Interpretable multi-domain meta-transfer learning for few-shot fault diagnosis of rolling bearing under variable working conditions

Abstract

To address the challenges of accurately diagnosing few-shot fault samples obtained from rolling bearings under variable operating conditions, as well as the issues of black box nature and delayed feedback to guide fault handling in intelligent diagnostic models, this paper proposes an interpretable multi-domain meta-transfer learning method. Firstly, vibration monitoring data of rolling bearings under different operating conditions are collected, and time–frequency domain features are extracted to construct multi-channel one-dimensional temporal samples as inputs. A multi-domain meta-transfer learning framework based on deep convolutional neural networks is then built to perform few-shot learning with multiple tasks under different operating conditions.
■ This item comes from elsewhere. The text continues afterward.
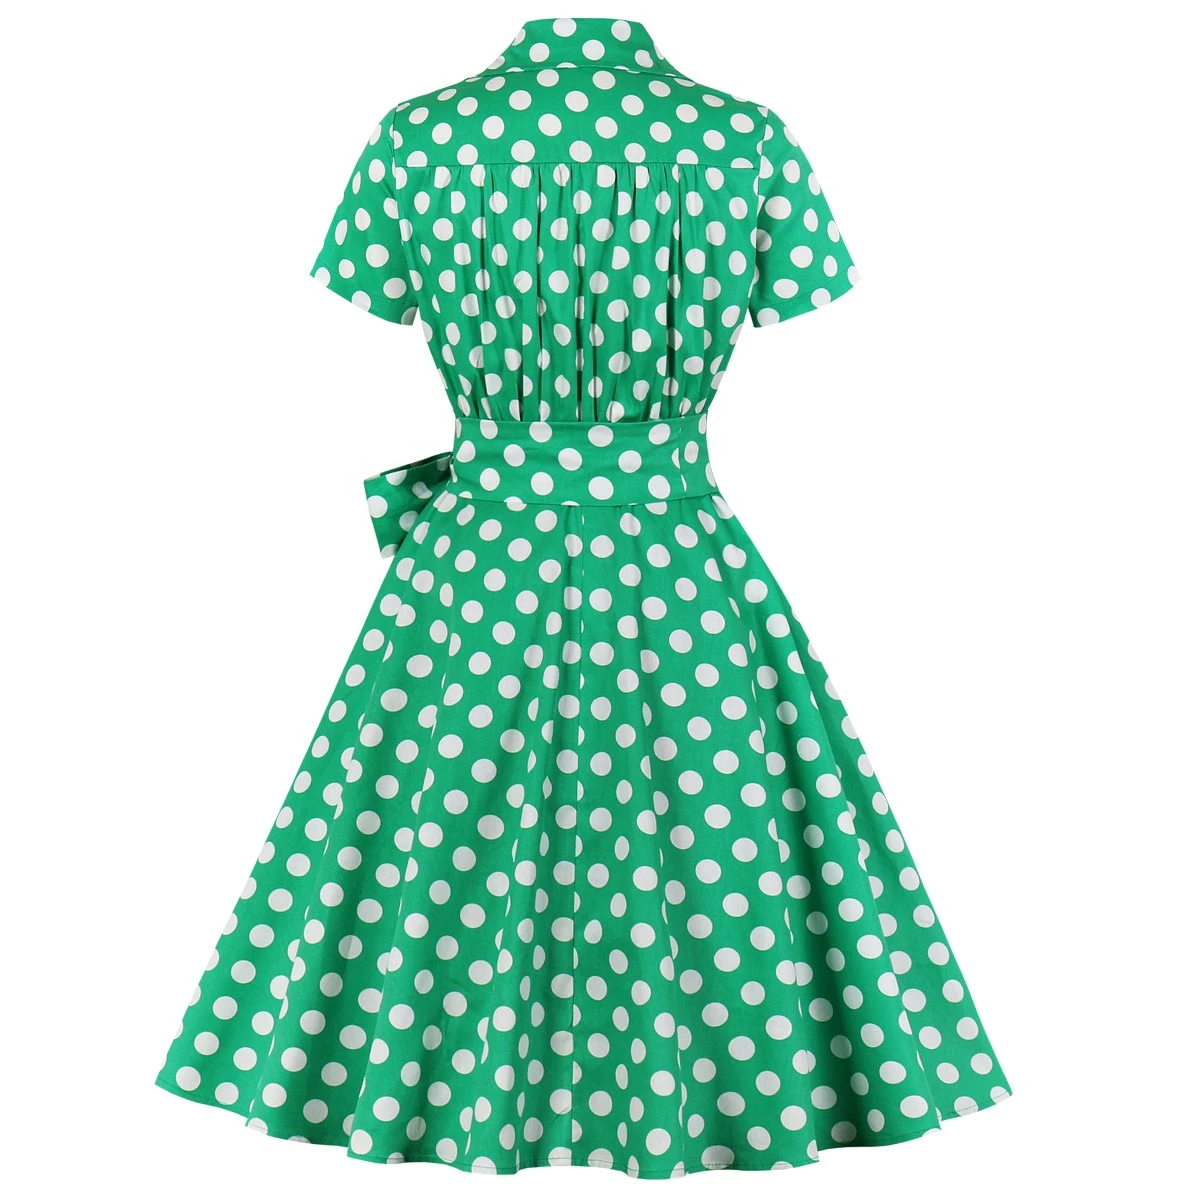 MXN-1207 Womens Shirt Collar Wrap Green Polka Dots Bow Waist Tie Vintage Dress
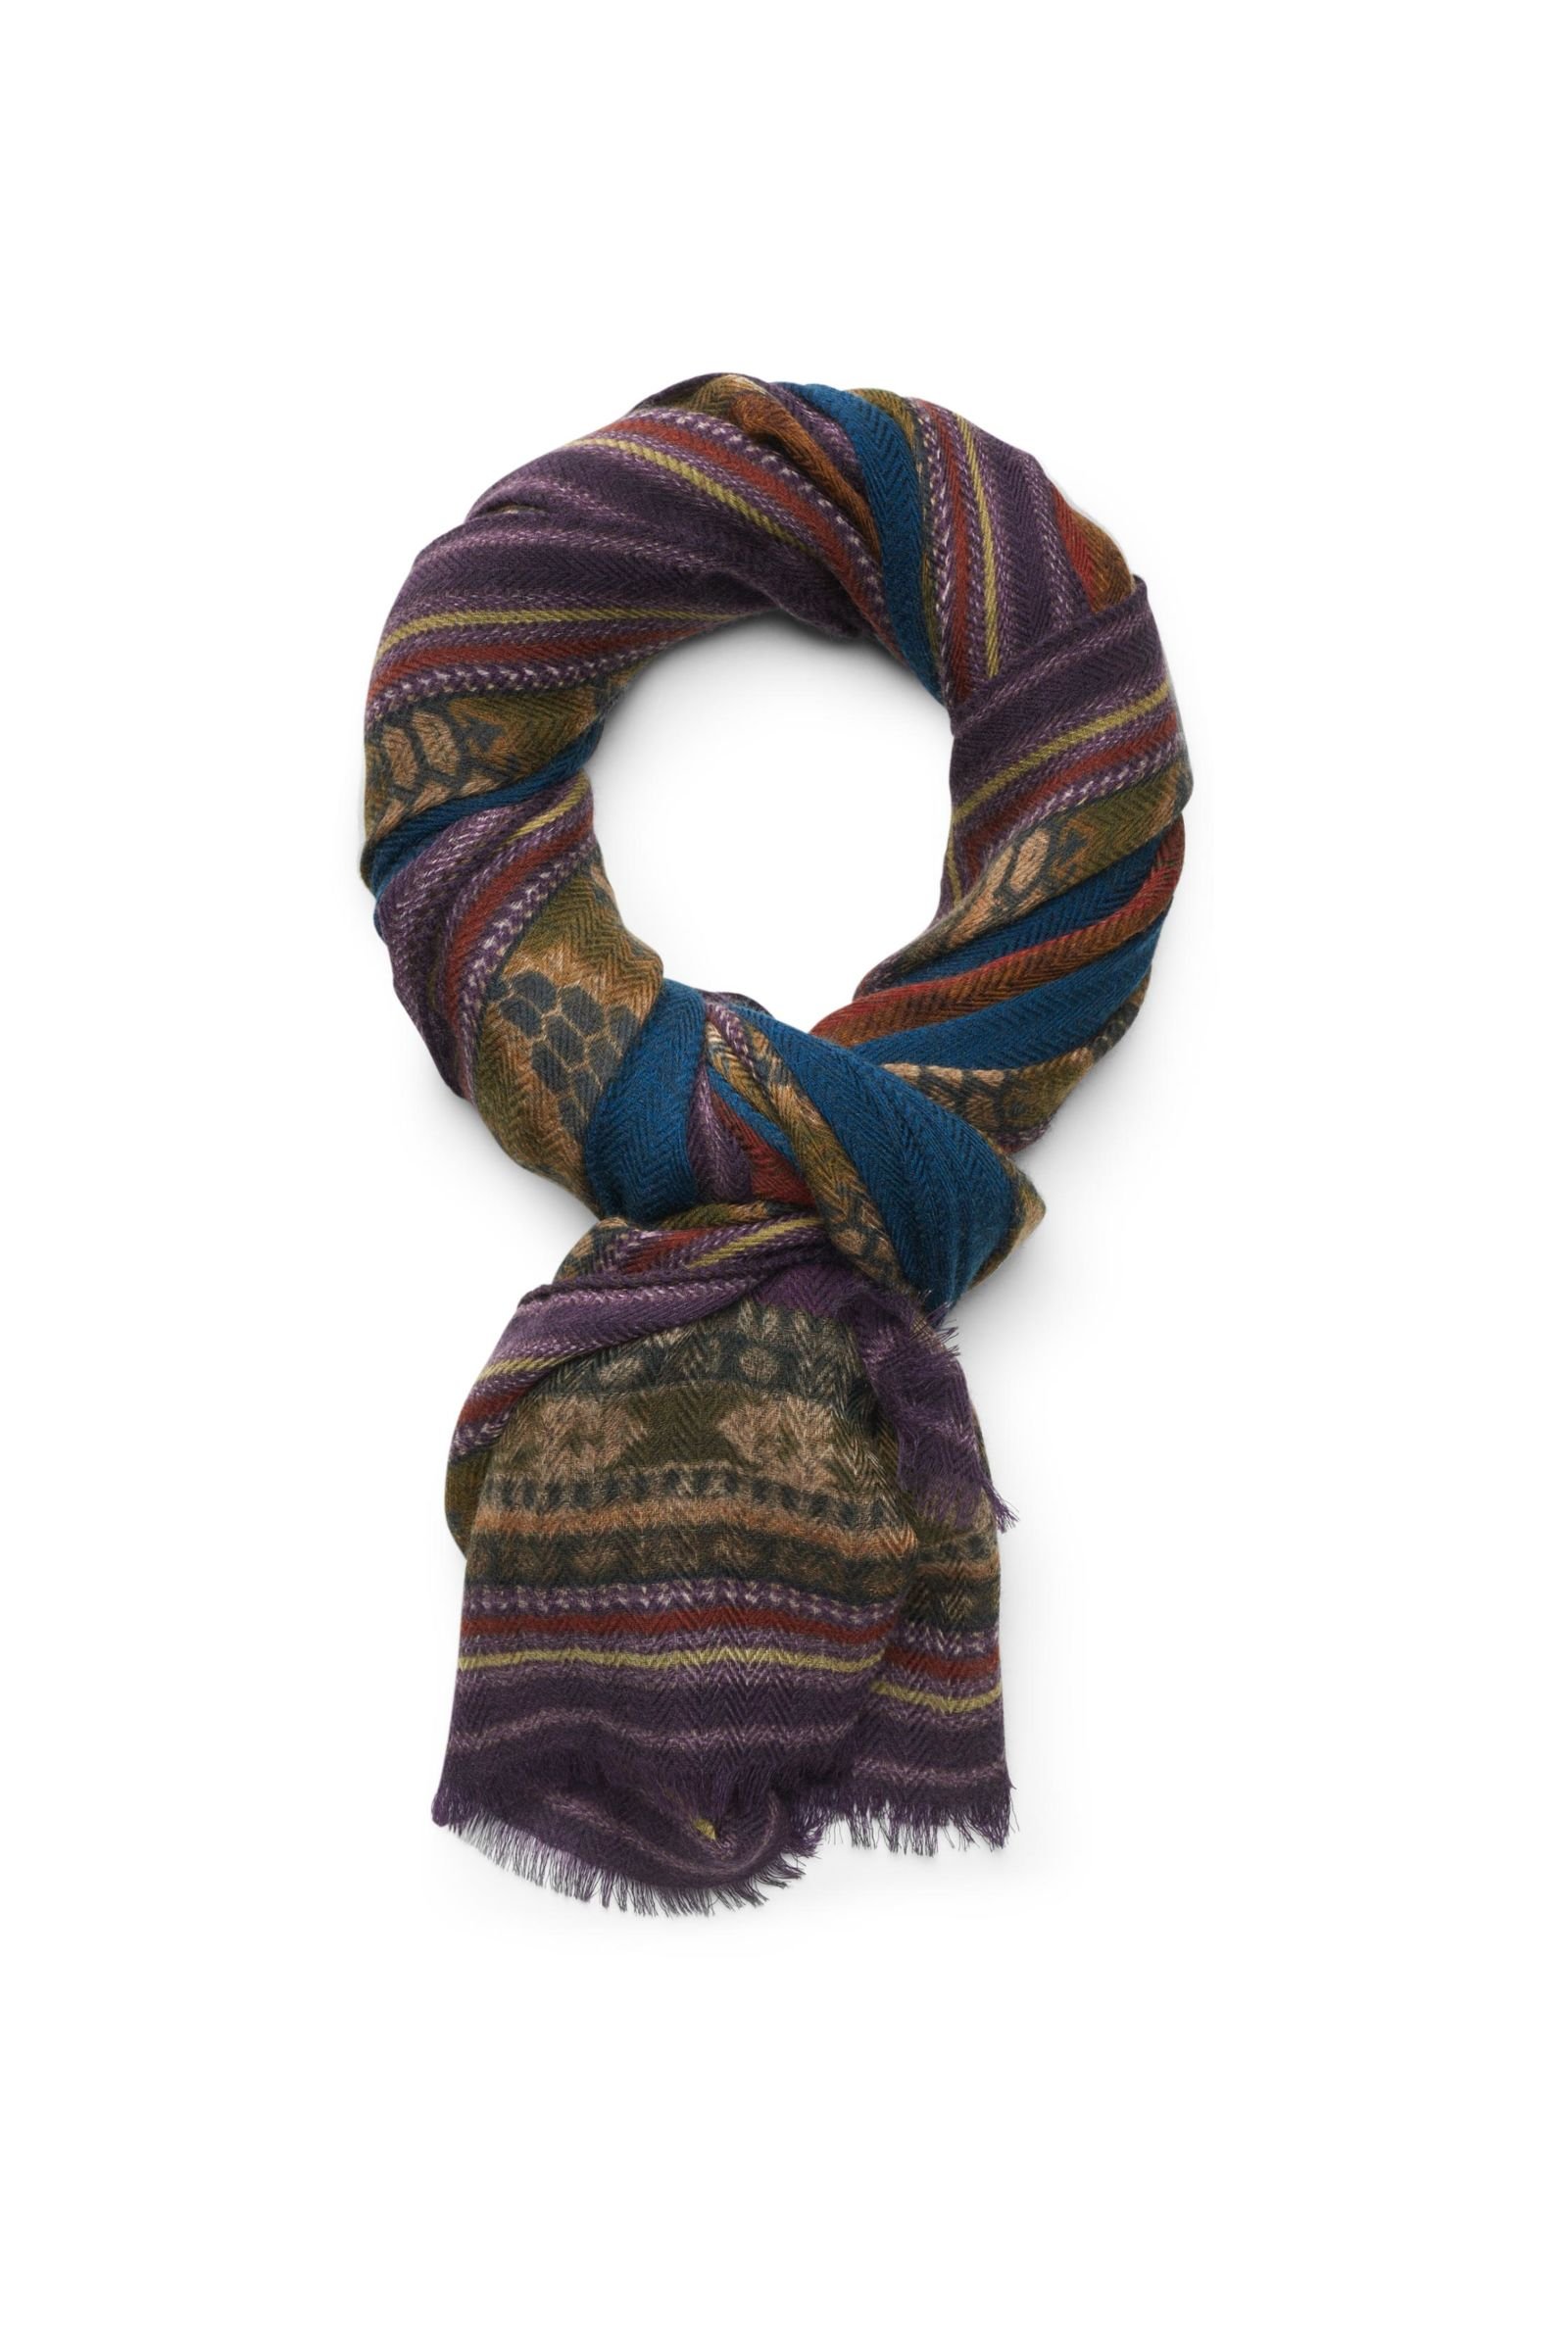 Cashmere scarf dark blue patterned

The output results are reverse-reconstructed through a fusion hierarchical class activation mapping, and the feature maps are assigned different weights to obtain saliency maps corresponding to the inputs, thus improving the interpretability of the output results. Finally, the dataset of bearing vibration data under time-varying rotational speed conditions is used to validate the effectiveness of the proposed method. Experimental results show that the proposed method can achieve accurate fault diagnosis results under variable operating conditions with few-shot samples, and the diagnosis results can be fed back to the input for decision-making, enhancing the interpretability of the model. Compared with other models, it also demonstrates better robustness and accuracy.